JEAN-JACQUES DE BOISSIEU. A Contemporary of Städel’s
February 11 – May 10, 2015
Exhibition Hall of the Department of Prints and Drawings

Jean-Jacques de Boissieu (1736–1810) was already a highly acclaimed artist beyond France in his lifetime. Not only princes but also private collectors like Johann Friedrich Städel were fascinated with the landscapes, genre scenes, and portraits depicted in the artist’s drawings and prints. The founder of the Städelsches Kunstinstitut acquired over twenty drawings and far more than two hundred etchings by de Boissieu, which still rank among the central holdings of the Städel’s Department of Prints and Drawings. Created in a period of historically revolutionary events, de Boissieu’s oeuvre mirrors the landscape and life of the province around the artist’s native city of Lyon with an almost irritatingly unexcited and serious steadiness. His etched landscapes and portraits as well as his subtly nuanced brush and chalk drawings reveal a progressive realism that hints at a bourgeois understanding of art independent of any academic norms.
Curator: Dr. Jutta Schütt

MONET AND THE BIRTH OF IMPRESSIONISM
March 11 – June 28, 2015
Exhibition annex

With Claude Monet’s painting The Luncheon (Le déjeuner) from 1868/69, the Städel Museum possesses one of the key works of early Impressionism. Starting from this work – and the institution’s outstanding holdings of early Impressionist works by Auguste Renoir, Édouard Manet, Edgar Degas, Alfred Sisley, and Paul Cézanne – the show on display at the Städel will highlight the beginnings of the Impressionist movement from spring 2015 on. The comprehensive anniversary exhibition, with which the Städel celebrates its bicentennial, draws on the history of the institution’s own collection: it was already in the first years of the twentieth century when Georg Swarzenski, then Director of the museum, passionately championed French art, which today constitutes an important focal point of the Städel’s collection.

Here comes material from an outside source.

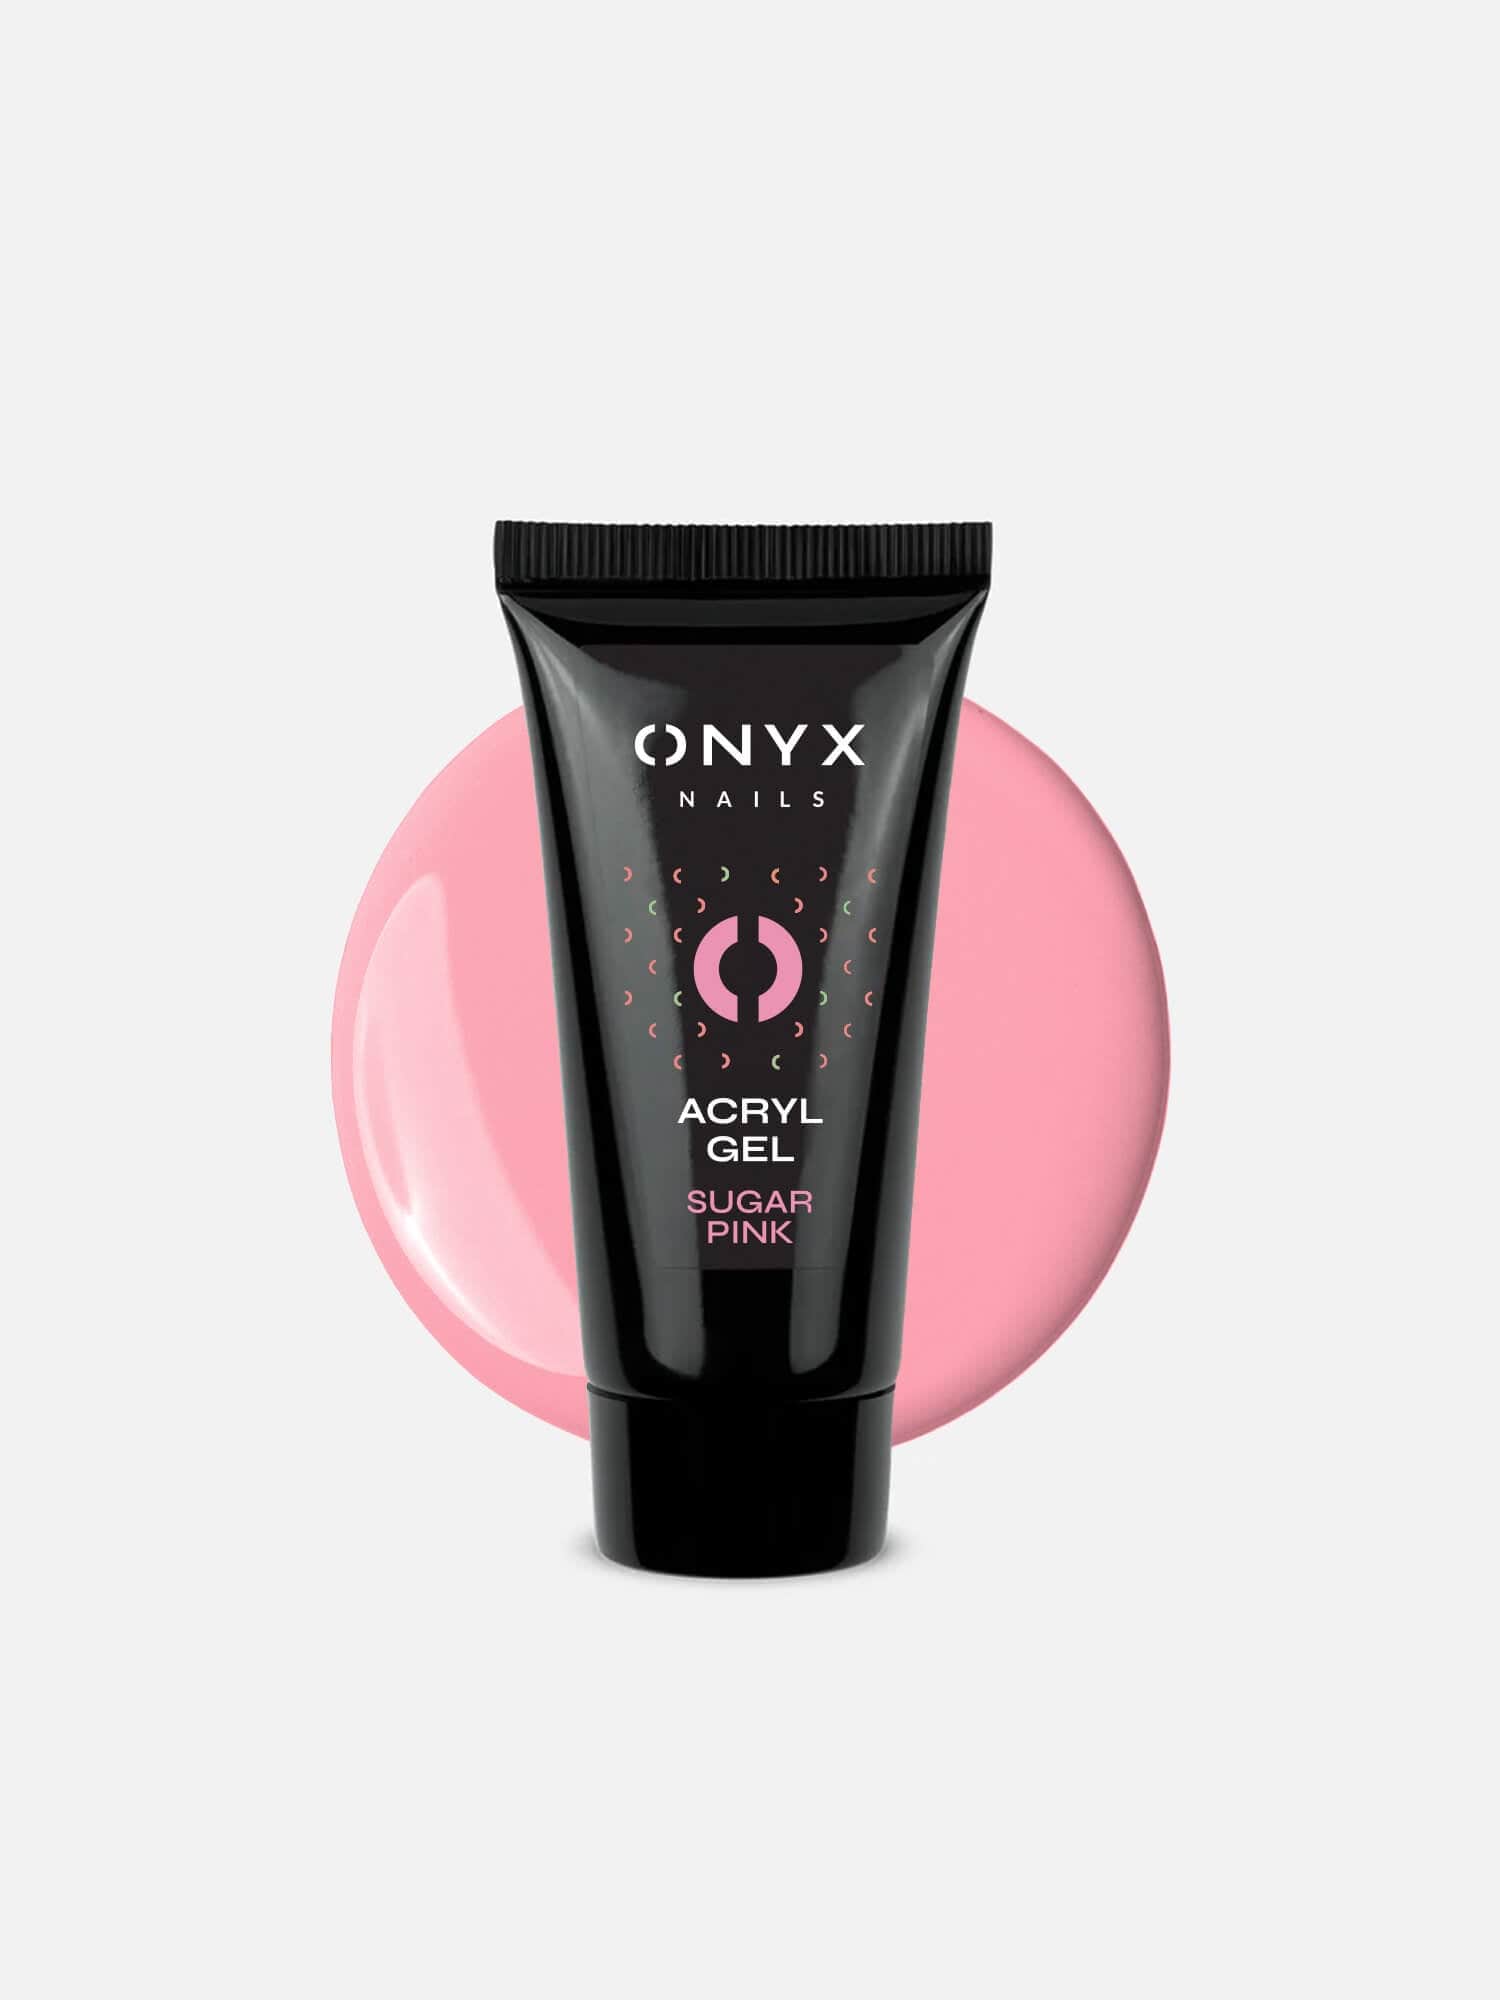 Onyx Nails AcrylGel Sugar Pink 30 g

The special exhibition sheds light on how a contemporary experience of looking at things becomes manifest in the Impressionist artists’ paintings and how the representation of this “modern gaze” in their pictures changed in the course of time. Based on a selection of more than ninety paintings including numerous world-renowned loans from museums abroad – such as Claude Monet’s La Grenouillère (1869) from the Metropolitan Museum of Art, New York, L’Étang à Montgeron (The Pond at Montgeron) (1877) from the Hermitage Museum in St. Petersburg, or the monumental Luncheon (1874) from the collection of the Musée d’Orsay in Paris – the individual lines of development within Impressionism and the change in the relationship between content and form can be illustrated. The presentation of Impressionist painting is rounded off by photographs and cartoons dealing with the art movement.
Curator: Dr. Felix Krämer
Sponsored by: Commerzbank-Stiftung

Vices of Life: The Prints of William Hogarth
June 10 – September 6, 2015
Exhibition Hall of the Department of Prints and Drawings

Presenting works by the English painter, copperplate engraver, and etcher William Hogarth (1697–1764), the Städel Museum’s Department of Prints and Drawings focuses on artworks from the days of its founder Johann Friedrich Städel. It was Hogarth who established the new genre of the “modern moral subject” with his series A Harlot’s Progress (1732), A Rake’s Progress (1735), and Marriage à-la-mode (1745). An attentive observer, the artist made the vices and seamy sides of modern life in the metropolis of London his subject. Hogarth regarded his works as a printed theater of his day and laid the foundations for sociocritical caricature in England. The Städel’s Department of Prints and Drawings comprises a significant array of works by Hogarth, including all the series in their entirety that gained the artist his international renown. The special quality of these works, which came to inform a whole era, lies in Hogarth’s great interest in individual physiognomies, his keen powers of observation, and his mordant wit.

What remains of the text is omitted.